As for personal identity, here we touch on the alleged “mysteries” of consciousness, and the reader looking for some new theory or solution will probably be disappointed. But remember that what counts as a solution for Dennett is the replacement of the Cartesian model: the evaluation of his proposals for “personal identity” has thus rather to be made on a negative and critical basis and in terms of their adequacy as a substitute for the tradition (the soul, the self, and so on). Can the “temporary arena of control” really do the job personal identity used to do? Not without the positing of some new factor, as we shall see. Yet is not the neurological materialism of the brain and beyond it of the body, my body, “je mein Eigenes,” as Heidegger might put it, enough to secure identity? In a sense: for the very concept of the body as an organism is at one with its boundaries, and already implies the solution to “the fundamental problem of recognition: telling one’s self … from everything else” (174). “This fundamental biological principle of distinguishing self from world, inside from outside, produces some remarkable echoes in the highest vaults of our psychology” (414). Clearly enough, once those borders are established, decision-making mechanisms are ready to hand, most notably the fundamental binary opposition between good and bad: self-preservation is then at least one indispensable feature of what will (in those “higher vaults of our psychology”) be called personal identity, and its presence all the way down the organic ladder also suggests that Heidegger’s supreme “Sein zum Tode,” the death anxiety, is far from characterizing authentic human individuality alone.
But we have not yet tabulated all the “remarkable echoes.” Let’s reframe the question in philosophical terms, those for example so memorably formulated by Nietzsche:
The “subject” is the fiction that many similar states in us are in the effect of one substratum: but it is we who first created the “similarity” of these states, our adjusting and making them similar is the fact, not their similarity.2
And to “similarity,” which could easily turn into a basic category of Hegel’s Logic, Nietzsche pointedly adds: “which ought to be denied.” Will memory do? We remember William James’s marvelous account of personal identity as the brand of private property we burn onto all our individual memories, so as to be able to round them like cattle when the need arises (when we hear the cry, All hands on deck! for example?). But as I have observed, Dennett here eschews an appeal to memory as some primary explanatory function.

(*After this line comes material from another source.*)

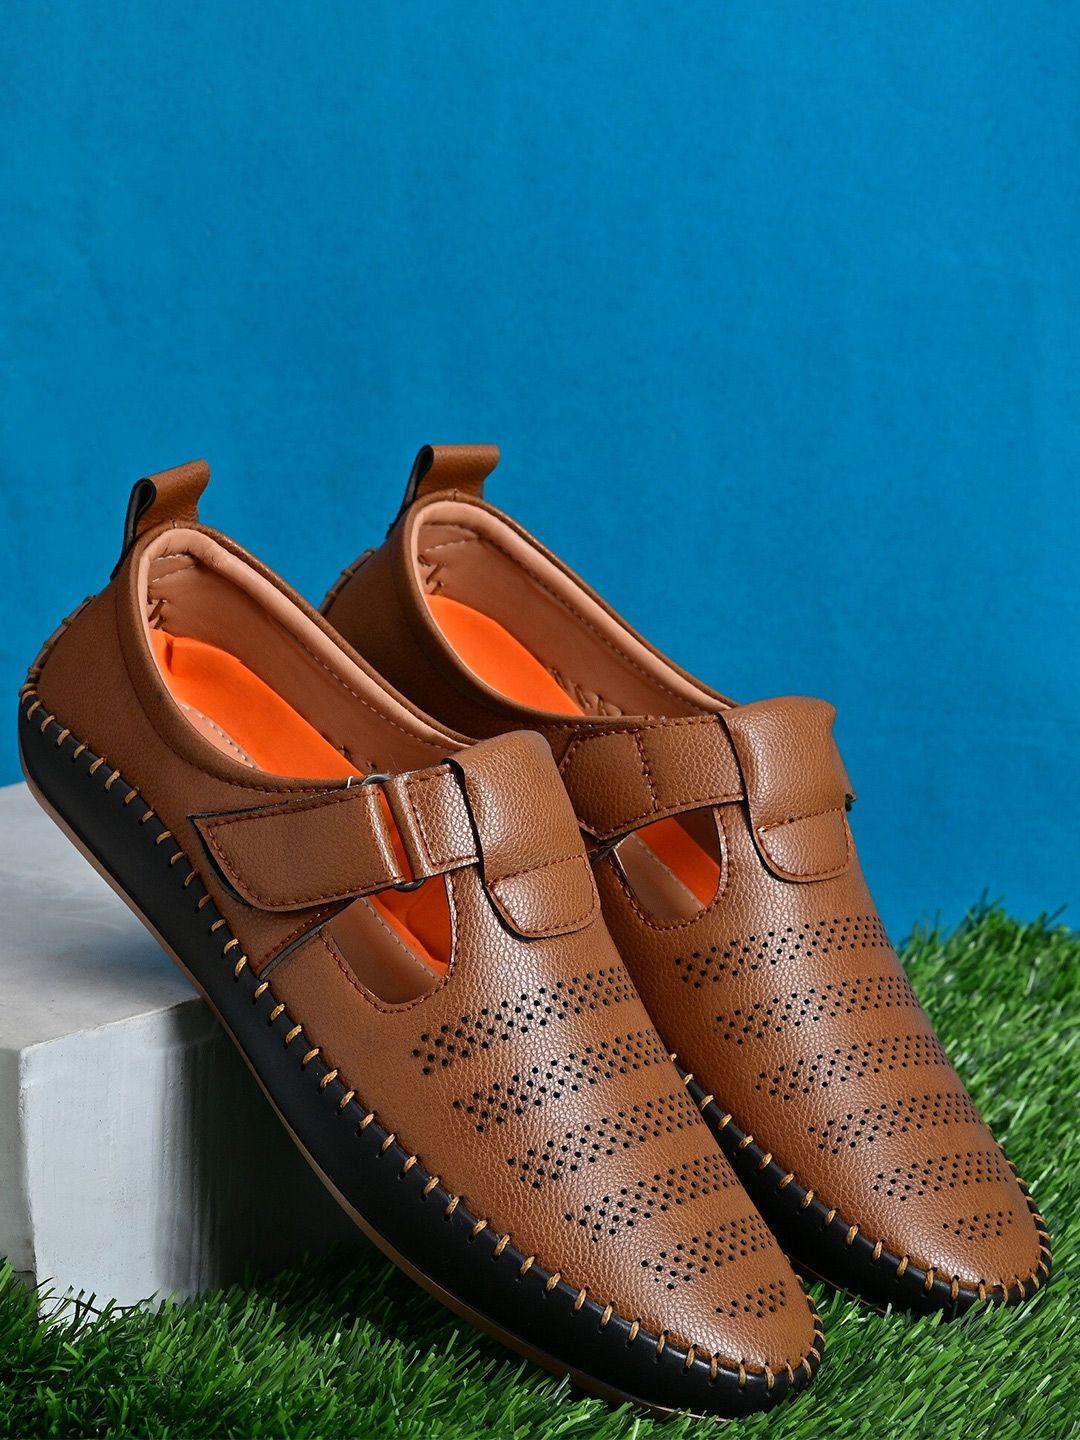 invictus men tan faux leather shoe-style sandals
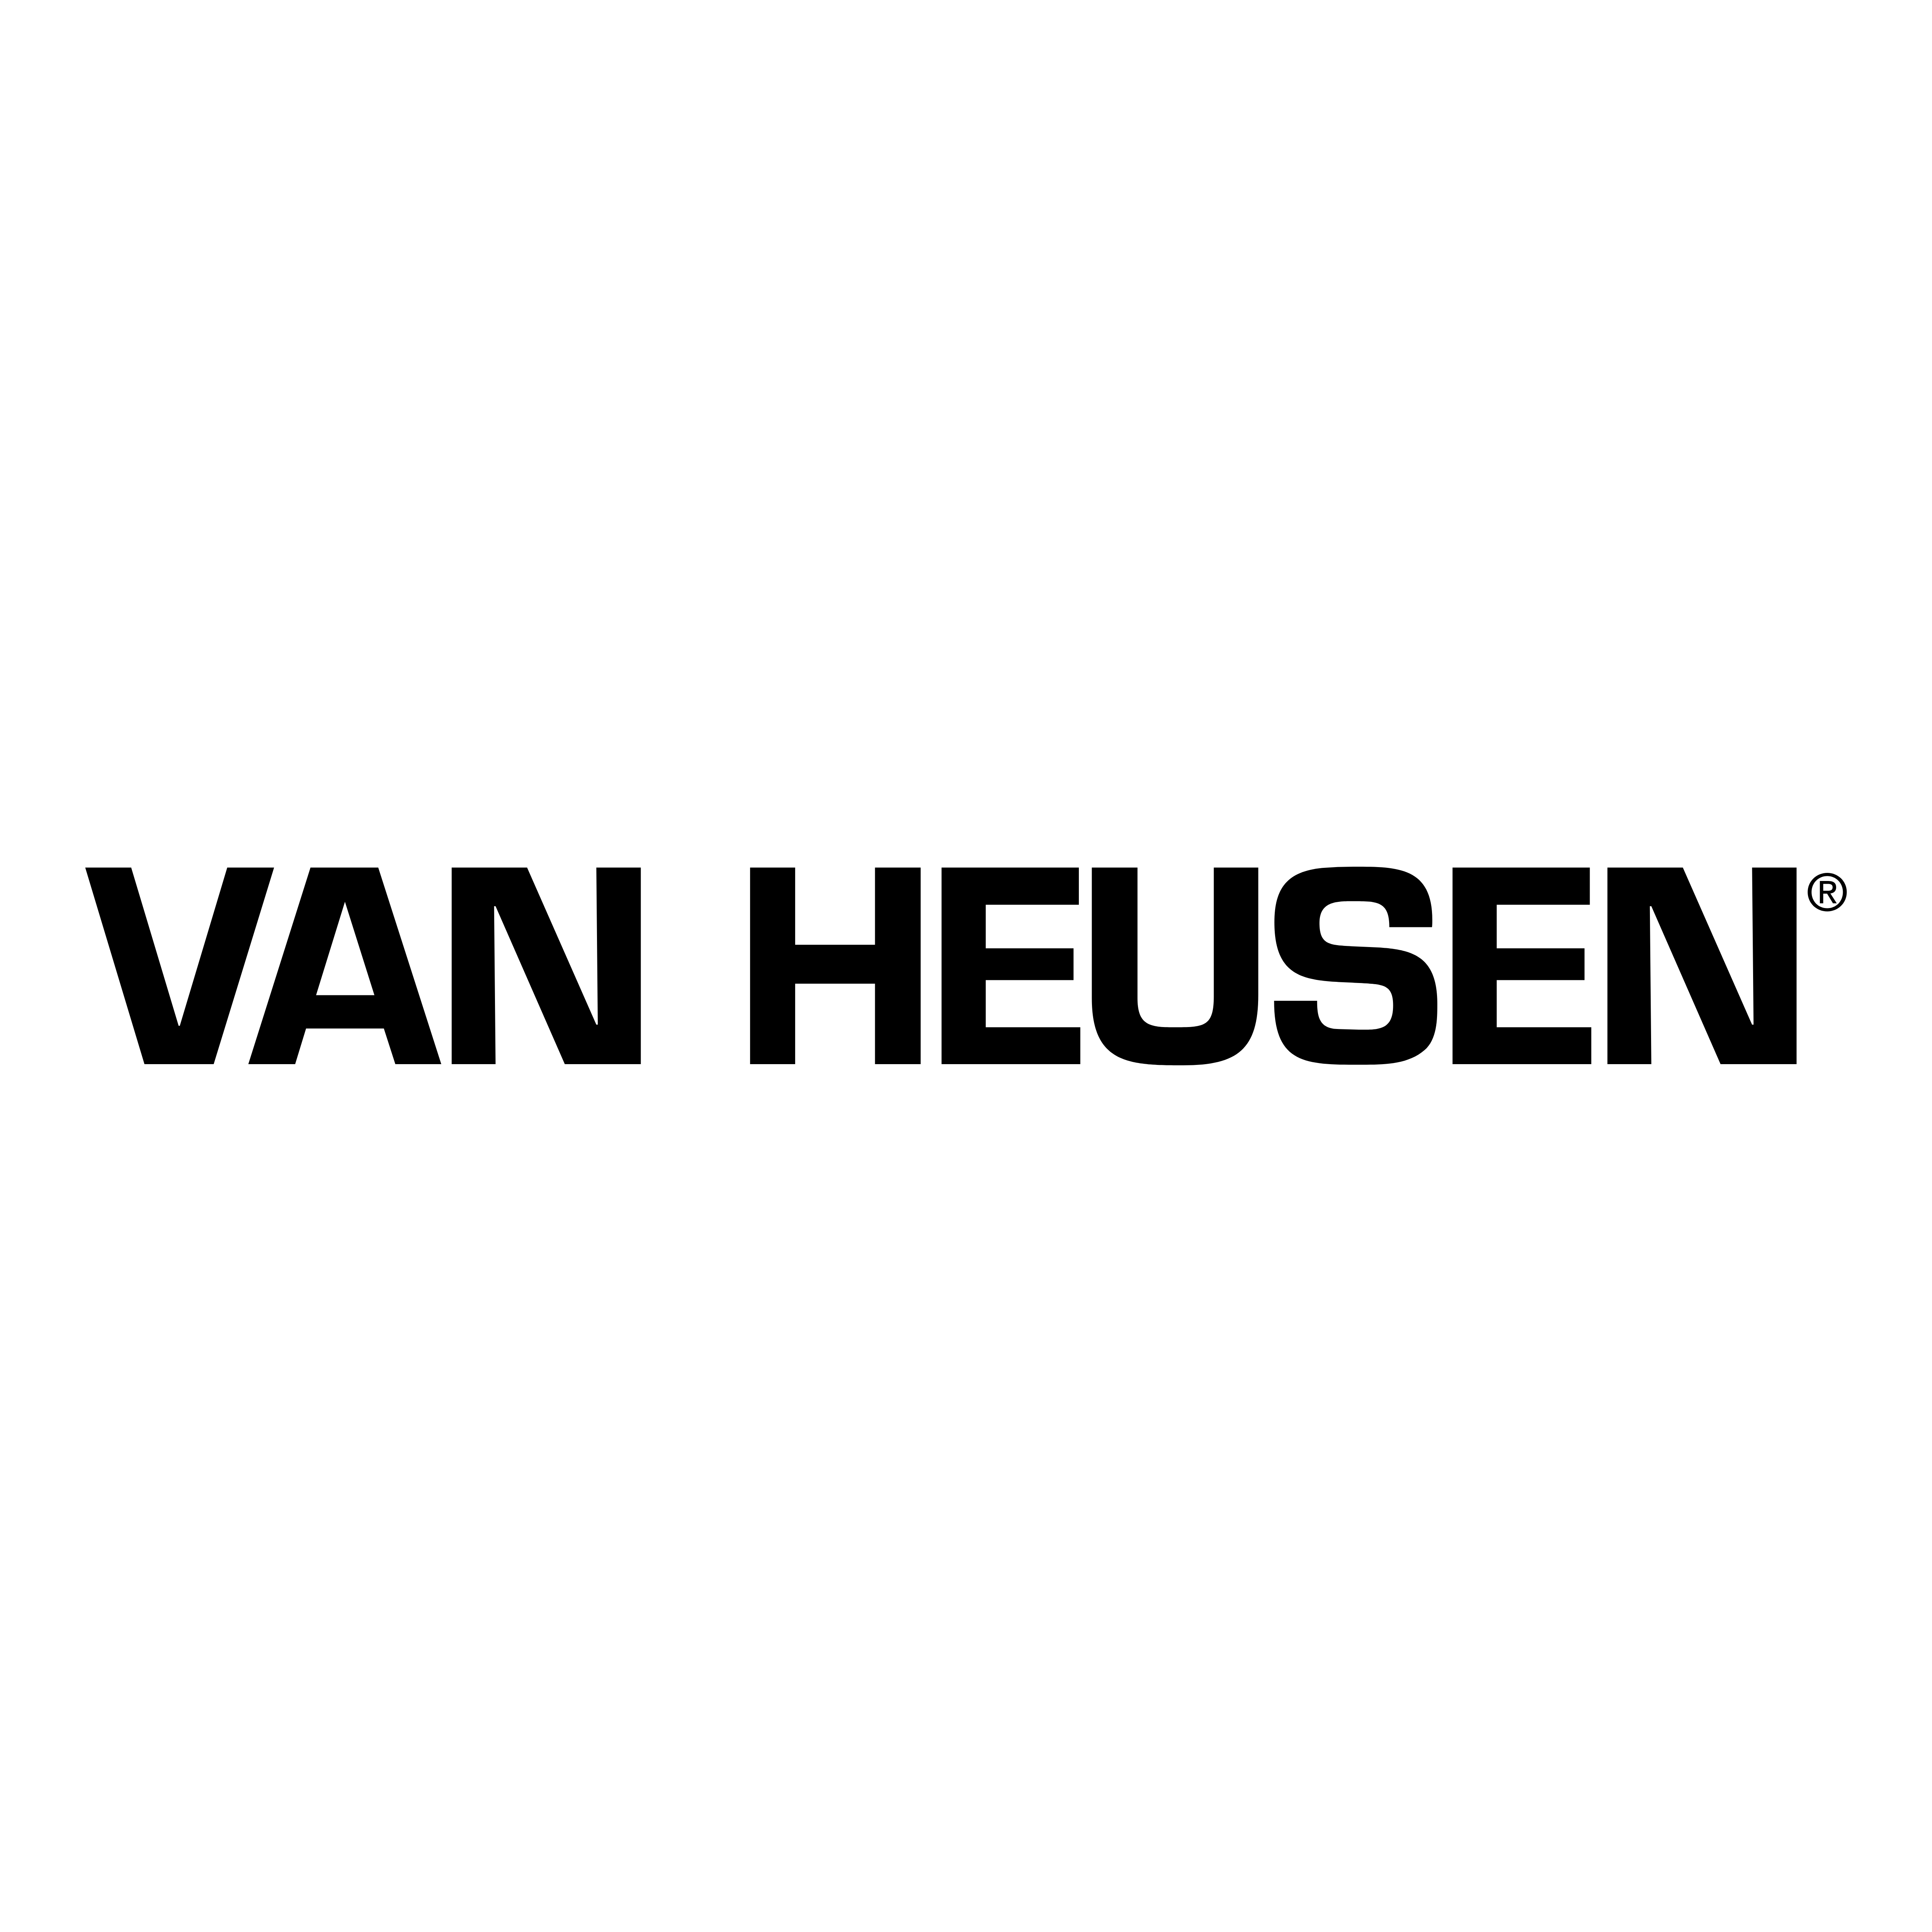 Van Heusen Logo - Van Heusen – Logos Download

Instead, he introduces that rather different “new factor” I have forecast, and this is narrative as such. All those “partial totalizations” and provisional unifications I have alluded to are in fact narrative ones (and we should remember that in that sense narrative in Dennett is always provisional, always partial, always coexisting with a host of other narrative versions or drafts). The human being is thus here apparently a storytelling animal (79, 94), and an enormous amount of argumentation is made to rest on this apparently ungrounded or even metaphysical proposition, however satisfying it may be for the contemporary mind. Indeed, this is the moment in which the underwater reader suddenly bursts out of the depths of Consciousness Explained into the more familiar atmosphere of a completely different philosophical tradition, as Dennett wryly acknowledges, by quoting a passage from David Lodge’s Nice Work (1988):
According to Robyn (or, more precisely, according to the writers who have influenced her thinking on these matters), there is no such thing as the “Self” on which capitalism and the classic novel are founded—that is to say, a finite, unique soul or essence that constitutes a person’s identity: there is only a subject position in an infinite web of discourses—the discourses of power, sex, family, science, religion, poetry, etc. And by the same token, there is no such thing as an author, that is to say, one who originates a work of fiction ab nihilo … In the famous words of Jacques Derrida … “il n’y a pas de hors-texte,” there is nothing outside the text. There are no origins, there is only production, and we produce our “selves” in language. Not “you are what you eat” but “you are what you speak,” or rather “you are what speaks you,” is the axiomatic basis of Robyn’s philosophy, which she would call, if required to give it a name, “semiotic materialism.” (410–411)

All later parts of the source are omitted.